4. In your Identity Provisioning tenant, navigate to your Identity Authentication source system, tab Properties, and define filters containing your prefix you used above so that only groups relevant for SAP Cloud ALM and their members are provisioned via Identity Provisioning to the BTP subaccount:

   • ias.user.filter=groups.display sw "CloudALM_"

   • ias.group.filter=displayName sw "CloudALM_"

   Note
   To provision all users from Identity Authentication to the BTP subaccount, you can skip the ias.user.filter.

   

5. In your Identity Provisioning tenant, navigate to your SAP BTP XS Advanced UAA target system, tab Transformation, and ensure that the group section of the transformation is enabled and it is not ignored.

   

6. In your Identity Provisioning tenant, navigate to your SAP BTP XS Advanced UAA target system, tab Properties, and define the group prefix you used for the display name. In our example, this is: xsuaa.group.prefix= CloudALM_.

   

7. After your source and target systems are configured and enabled, you can now execute the Read Job. To do so, in your Identity Provisioning tenant, navigate to your Identity Authentication source system, tab Jobs.

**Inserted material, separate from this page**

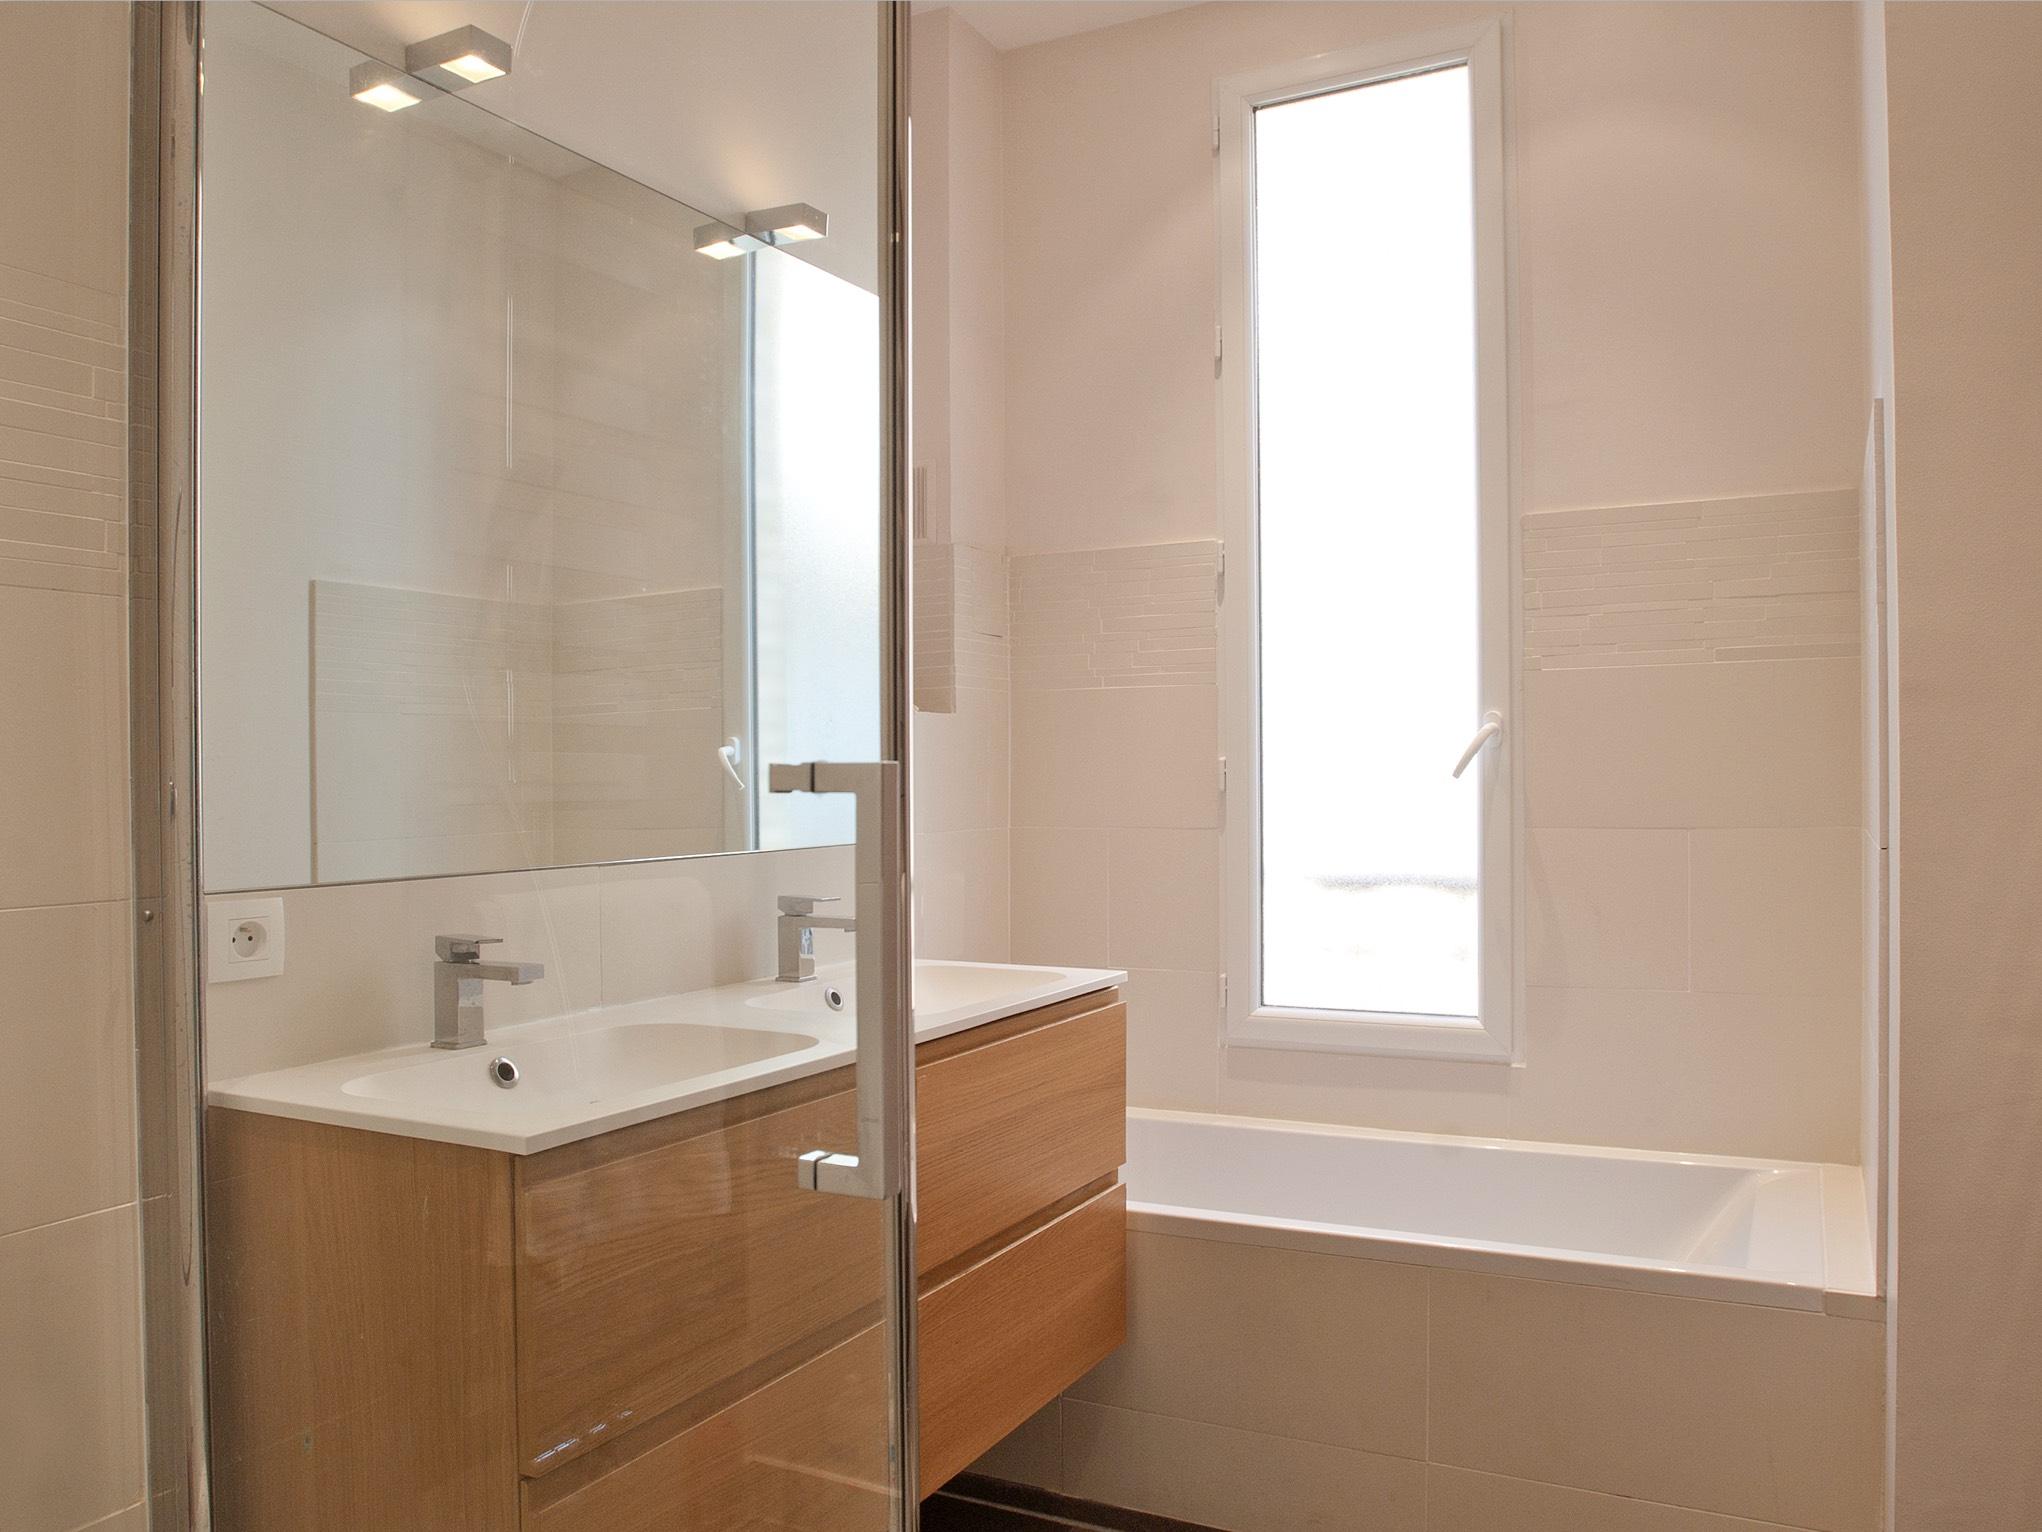 Rénovation complète d'un appartement de 150m2 avec l'architecte Thibaut de Montmarin - Salle de Bain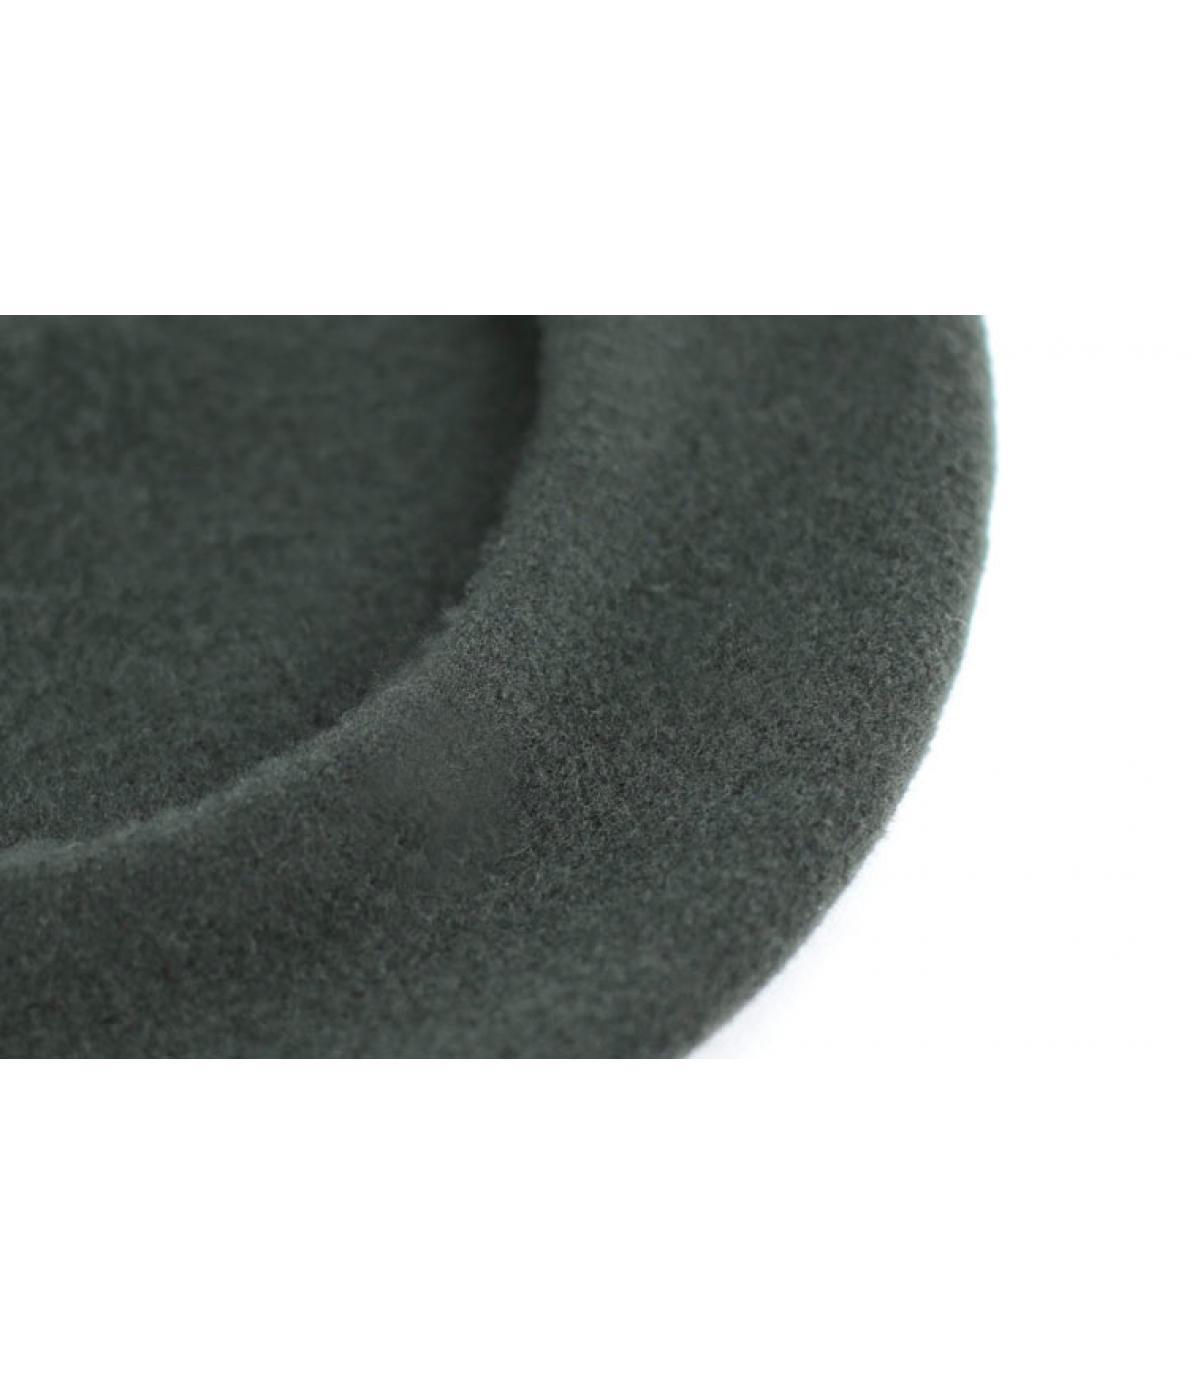 Details Beret paris anthracite - Abbildung 4

   Usually you want to schedule this job permanently so that later changes to the groups and their members are provisioned to your BTP subaccount and thus also to SAP Cloud ALM.

   

8. Check the result of the provisioning job. If any errors occur, investigate them and fix them. Some users or groups might not be provisioned, if they are reported as failed. To have them provisioned to SAP BTP XS Advanced UAA with proper authorizations, you have to fix the errors first.

   

9. Go to the SAP BTP Cockpit of your BTP subaccount, and select Security -> Role Collections in the navigation bar. The members of the role collection you’ve just created as a group in your Identity Authentication tenant are updated.

   

That’s it! If you now create groups in your Identity Authentication tenant with your chosen prefix and the name of a role collection, assign users to these groups and wait for the next scheduled provisioning job, then the role collections and their members are updated in your BTP subaccount and SAP Cloud ALM, respectively.

There’s just one thing you should keep in mind: If you delete such a group from your Identity Authentication tenant, the lastly provisioned users in the corresponding role collection in the BTP subaccount are preserved as members of the role collection. So better don't delete such a group at all.

However, if you must, first remove all its members, then let the next job run provision the group to the target system, so that it is updated. Make sure that the role collection has no more members in the BTP subaccount, before you remove the group from Identity Authentication tenant.